### Supplied information:
▶

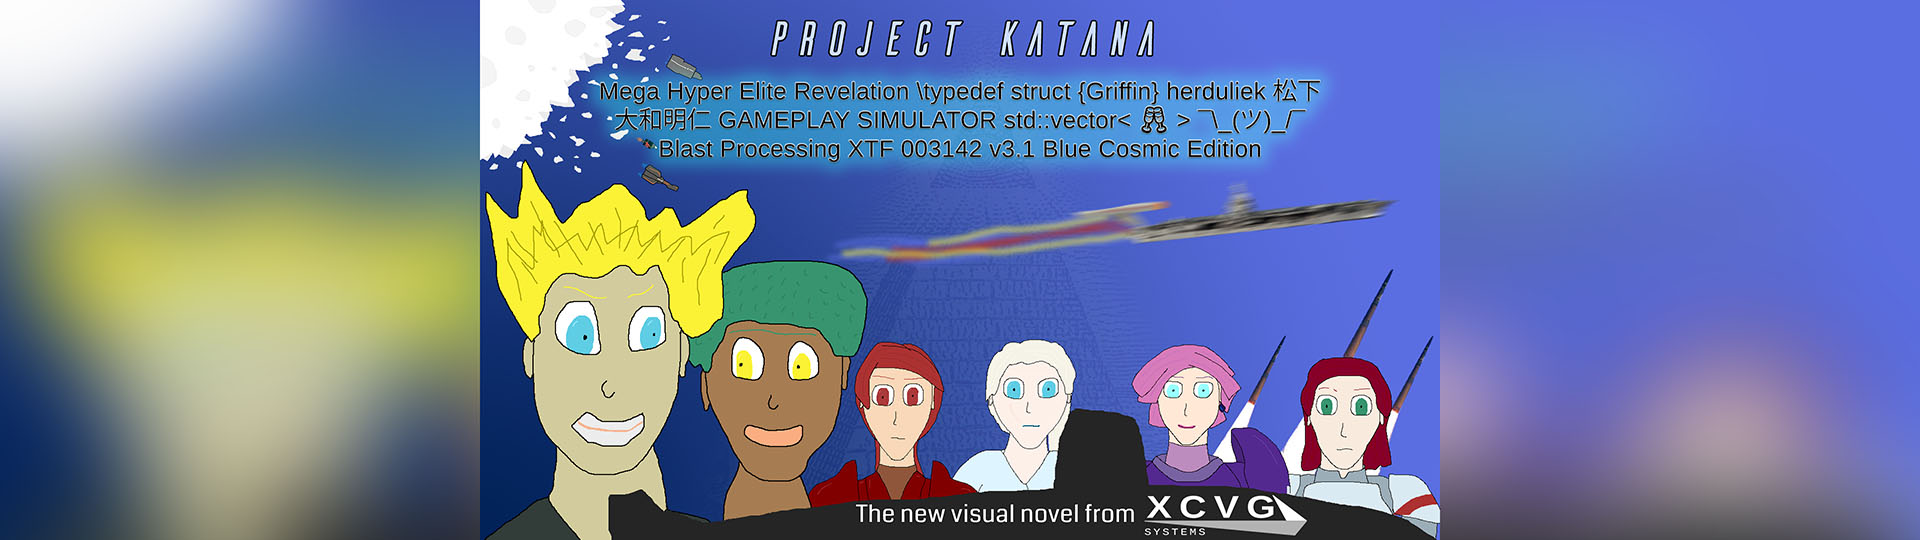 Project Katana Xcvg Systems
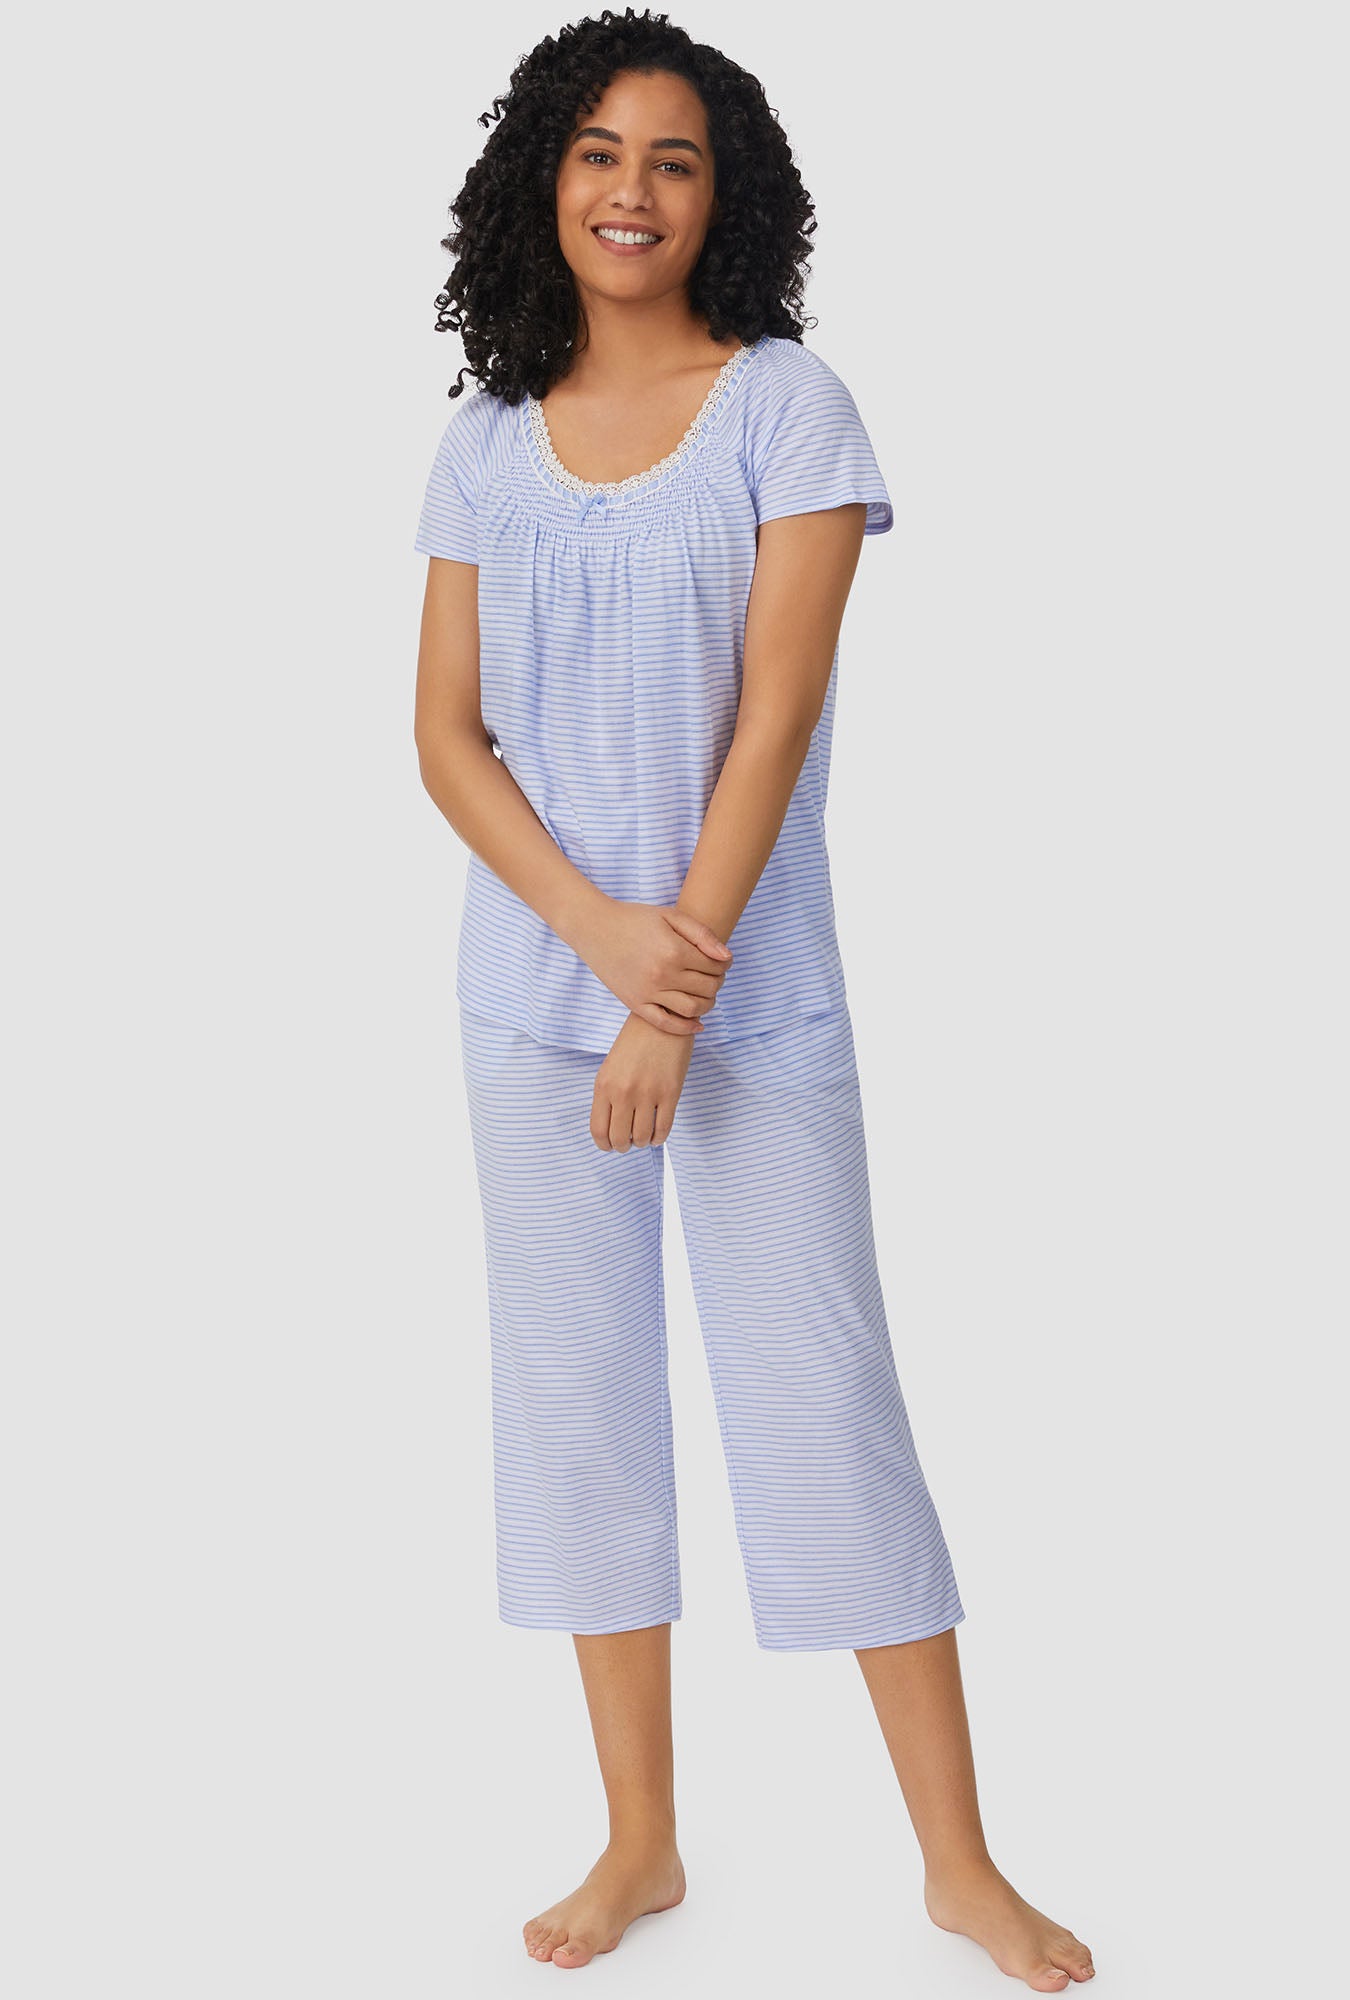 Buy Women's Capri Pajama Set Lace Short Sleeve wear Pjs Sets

◀
▶

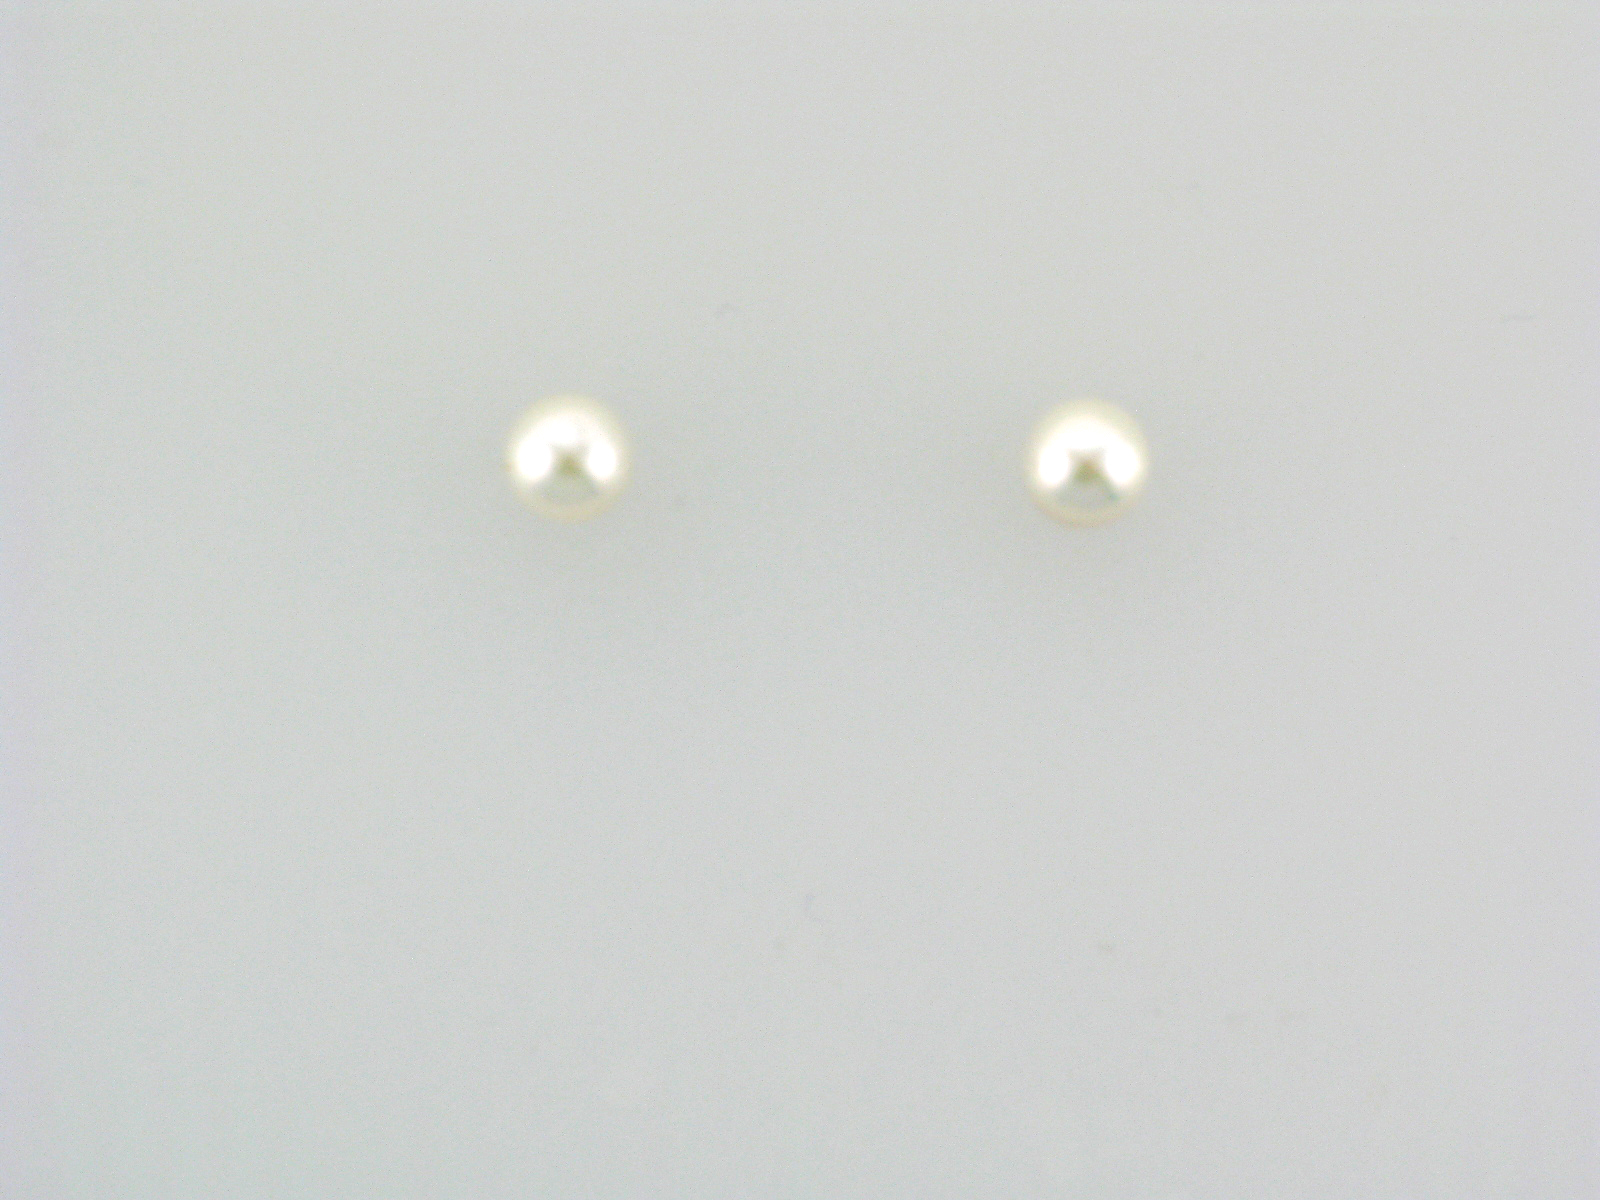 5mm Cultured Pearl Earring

◀

### Task:
Output only the lines above from the line that holds "Project Katana Xcvg Systems" through the line that holds "Buy Women's Capri", both ends included, and exclude pictures.

### Written answer:
 Project Katana Xcvg Systems
 Buy Women's Capri Pajama Set Lace Short Sleeve wear Pjs Sets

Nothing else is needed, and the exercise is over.